Of the five organisations involved in this research, Ster Kinekor made no statements regarding their data breach. Multiple news outlets attempted to contact them regarding the issue and none of them received a response. The two government agencies that were breached (GCIS and South Africa’s Department of Water Affairs) were breached by hacktivists from the Anonymous collective and broadcast the breach themselves.
In my opinion, most organisations should handle data breaches better. They need to inform the public as soon as they know of the breach so that their affected users can take the required actions as soon as possible.
Woo Themes – a South African start-up – suffered a particularly devastating malicious attack in 2012 (Blast, 2012). They lost all their data including back-ups (Blast, 2012; Chandler, 2014; Haver, 2015). They handled their breach very well, even managing to be commended by members of the public for how they dealt with the situation. The key aspect here was constant communication with the public.
Cost of Data Breaches to South African Companies
The Ponemon Institute (2017) conducted benchmark research sponsored by IBM on the cost of data loss to South African companies in 2016 (IBM, 2016). The research was performed by means of interviews conducted with members of 19 different companies over a ten-month period (Ponemon Institute, 2017). The results of the research set the average total cost of a data breach at 28.6 million Rand with the average cost of a single lost or stolen record set at 1,548 Rand (Ponemon Institute, 2017). It is notable that the research did not include any breaches that exceeded the loss of 100,000 records as this would have skewed the results (Ponemon Institute, 2017).

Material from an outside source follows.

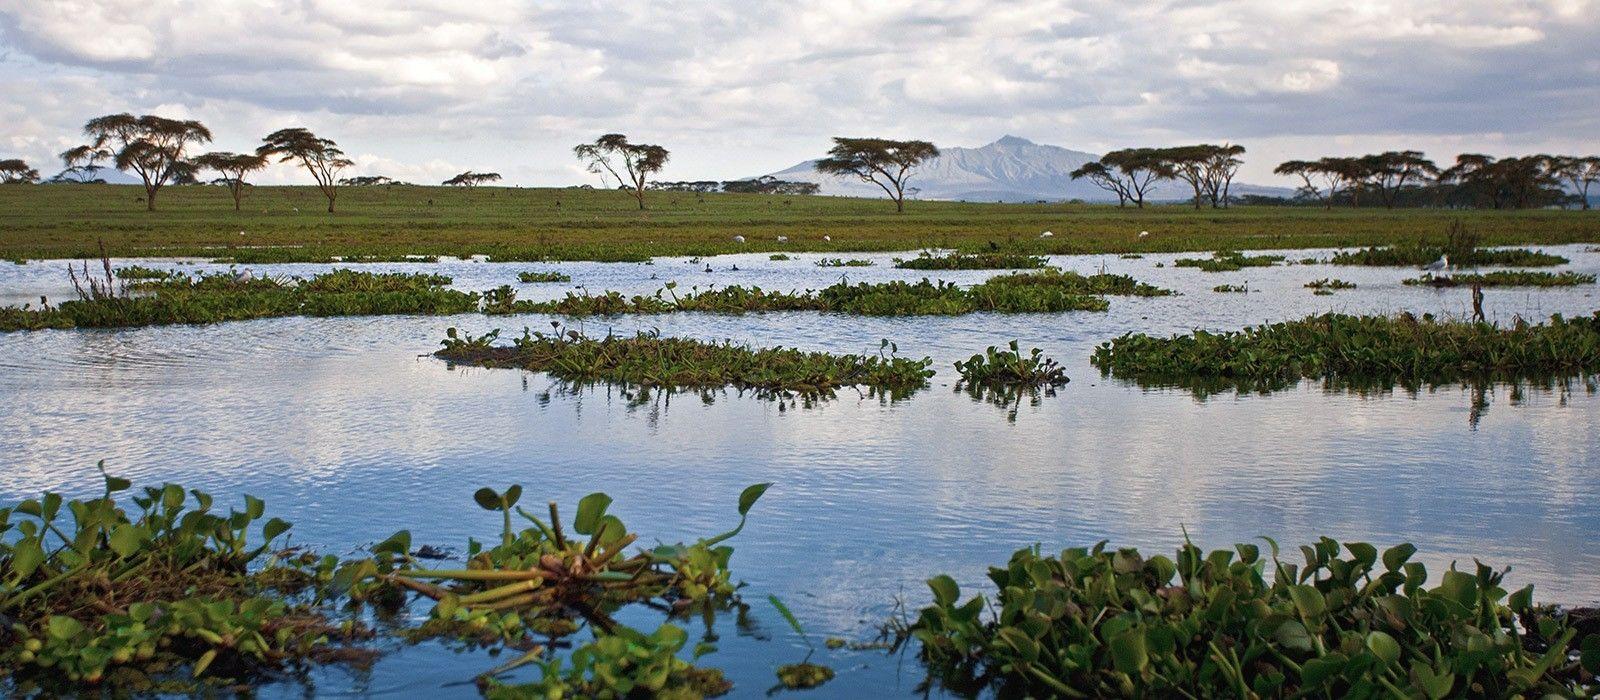 Von Kenia bis zur Gewürzinsel: Safari & Sansibar Urlaub 1

Digital Foundation (2017) cites the same Ponemon Institute research and reports the total cost of data breaches to the 19 companies involved as being 1.8 million US Dollars. The Ponemon research itself (as stated above) lists this same cost as 28.6 million Rand. Looking at the exchange rate between the South Afrcan Rand and the US Dollar at the time the article was posted (2 February 2017) which was R13.36 per US Dollar, this gives us a total of 24,048,000 Rand (XE, 2017A). That’s a difference of about four million Rand.
ITweb cites the Ponemon research as well and provides the figures in Rand matching what the Ponemon research says (Moyo, 2016).

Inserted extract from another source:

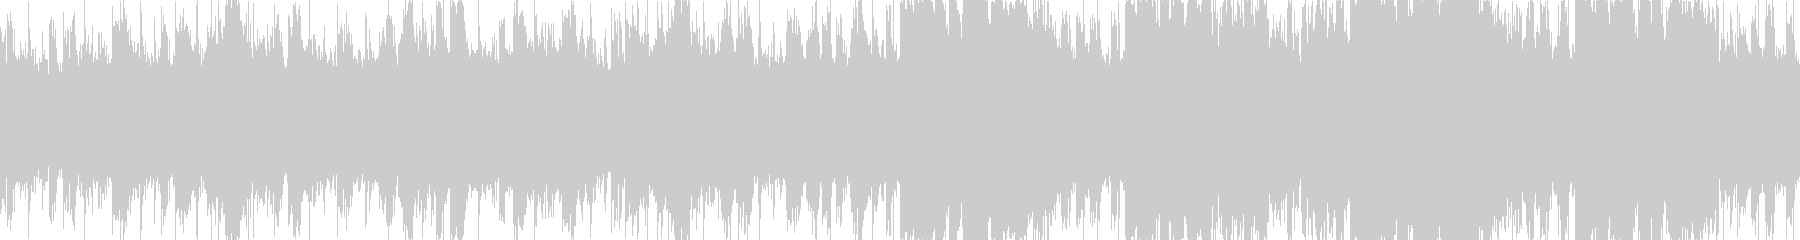 幻想チュートリアル/リズム(LOOP)の未再生の波形

Internet Solutions (2017) also refers to the Ponemon research and gives a cost of 1.87 million US Dollars per data breach. The article was published on 15 February 2017 and with the exchange rate at the time being R12.96 per US Dollar, we get a total of 24,235,200 Rand (XE, 2017B). This, too, differs from the Ponemon Institute number by about four million Rand.

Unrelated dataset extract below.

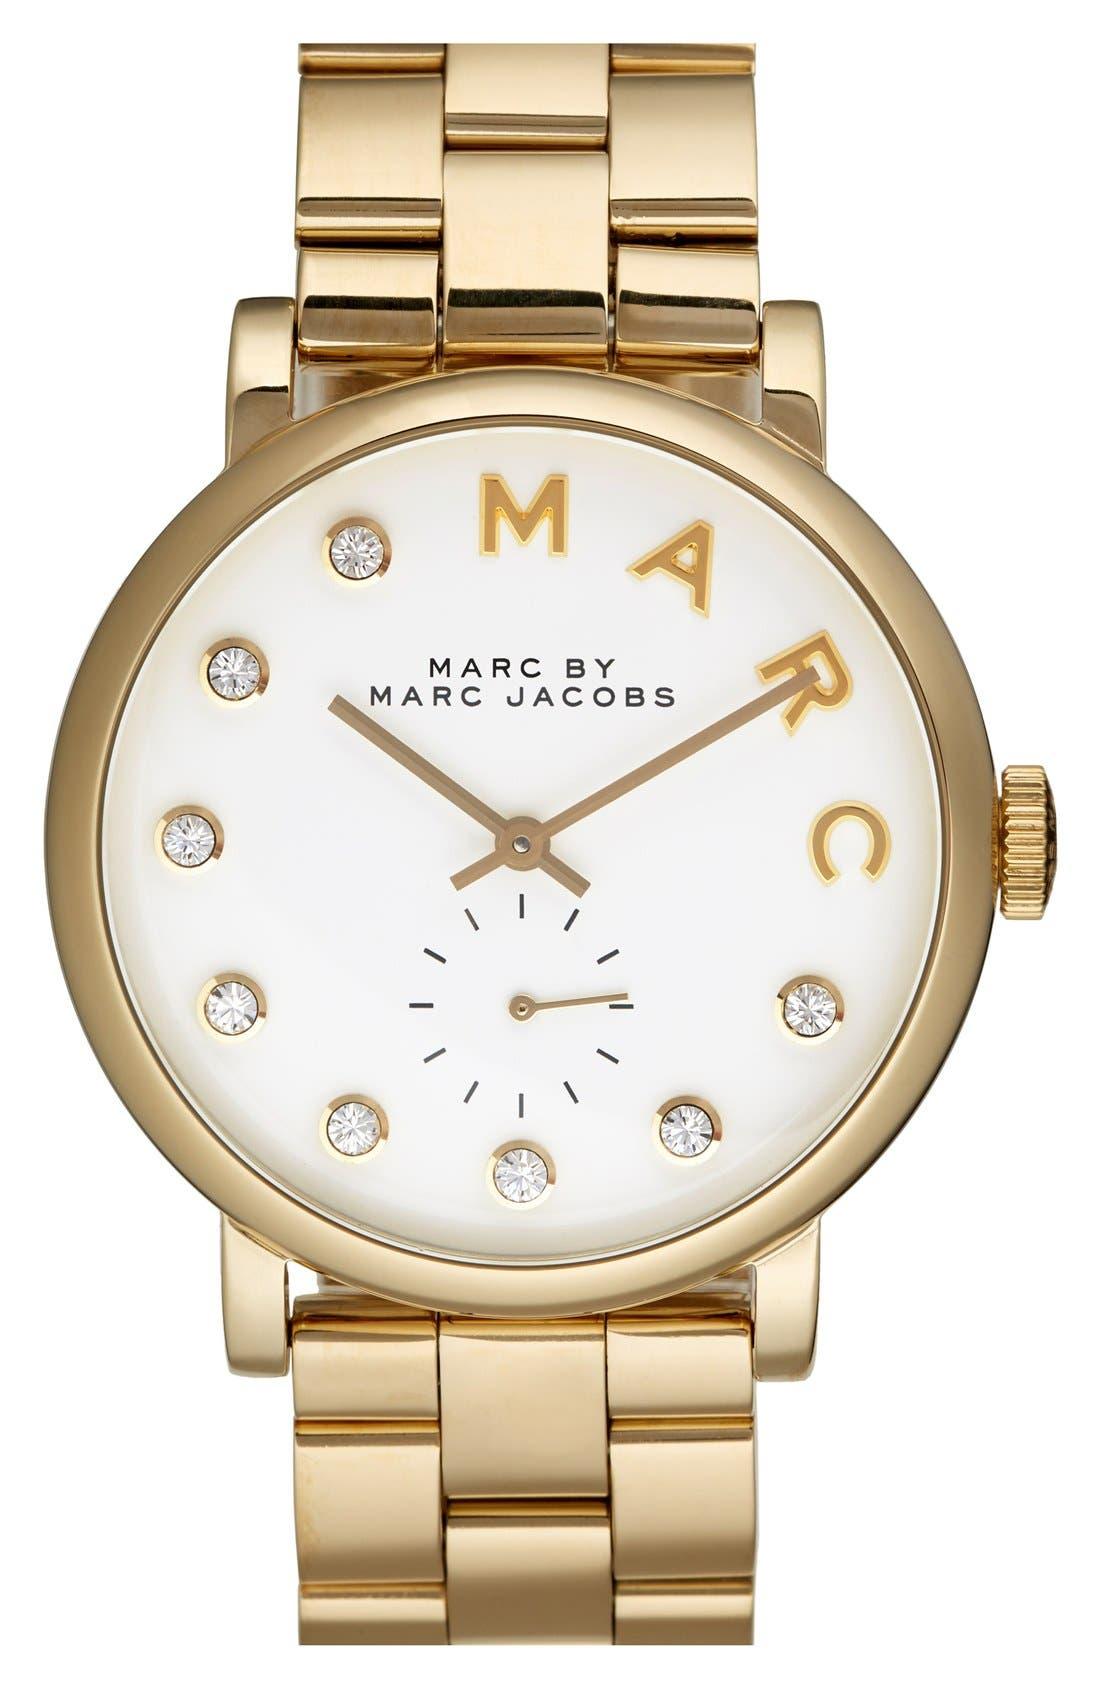 Main Image - MARC JACOBS 'Baker' Crystal Index Bracelet Watch, 37mm

What we can conclude from this is that when reporting values in changing currencies, it is best to stick with the currency of the country that you are referring to – especially when dealing with such large values where small changes in the exchange rate can result in large differences in the numbers involved. The numbers from the Ponemon Institute research (2016) are more reliable than any other numbers found, as they work off of actual data from South African companies and not estimations.